Using the following parameters resulted in both the best accuracy of the trained model against the test set and the most accurate vehicle identifacation on the test images.

color_space = 'YCrCb' orient = 9
pix_per_cell = 8 cell_per_block = 2 hog_channel = "ALL" spatial_size = (20, 20) hist_bins = 16

Classifier training.

To further improve the performance of vehicle detection, YCrCb color features and spatial features were extracted (cell four). The training data was split into random training and test sets using scikit learn's 'train_test_split' and then normalized to zero mean and equal variance.

A linear support vector machines classifier (SVM) was trained using these features(cell seven).

Sliding Window Search

The sliding window search is conducted in code cell 5. A window with a tunable scale moves across an image and each time the classifier runs. The scale parameter was tweaked iteratively, and 1.8 an overlap of 75% was found to make objects in the windows close to the scale of the training data and gives the most accurate classifcations on test images.

alt text

Inference pipeline and optimization

The inference pipeline involves first extracting features for the entire image using YCrCb 3-channel HOG features. The sliding window search is then performed on the HOG feature extracted image and The color and spatial features are also extracted in each window so that the SVM has the same preprocessing steps applied as the training phase. Each window is classified by the SVM as 'car' or 'not car'. Here is an example classification.

alt text

These bounding boxes are stored in memory. A heatmap was created of the last fifty:

alt text

scipy.ndimage.measurements.label() wasthen used to label the areas of highest heat alt text

Finally, a single box is drawn over each label alt text

Video Implementation

Here is a link to the video result

As was described in the pipeline, the positions of positive detections were stored for each frame of the video. The last fifty were used to create a heatmap and then apply a threshold to that map to identify vehicle positions.

Discussion

YCrCb was chosen because it contains a luminance channel in addition to chroma channels. Previous computer vision attempts with gradient thresholding have demonstrated that different lighting might be challenging for classifiers. This alone made a big difference in the performance of the detection.

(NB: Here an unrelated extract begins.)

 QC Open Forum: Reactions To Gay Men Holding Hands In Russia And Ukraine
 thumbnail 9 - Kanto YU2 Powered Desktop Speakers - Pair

A weakness of the pipeline is that the inference stage is slower than desirable, limiting it's real world usability. This may be improved by extracting color and spatial features before performing the sliding window search. The pipeline relies on detected objects repeating in frames to reject false positives, so if a 'not car' object occurs in many consecuative frames it may be prone to false positives.

To make the pipeline more robust, more sophistocated machine learning algorithms or even deep learning may be used instead of SVM.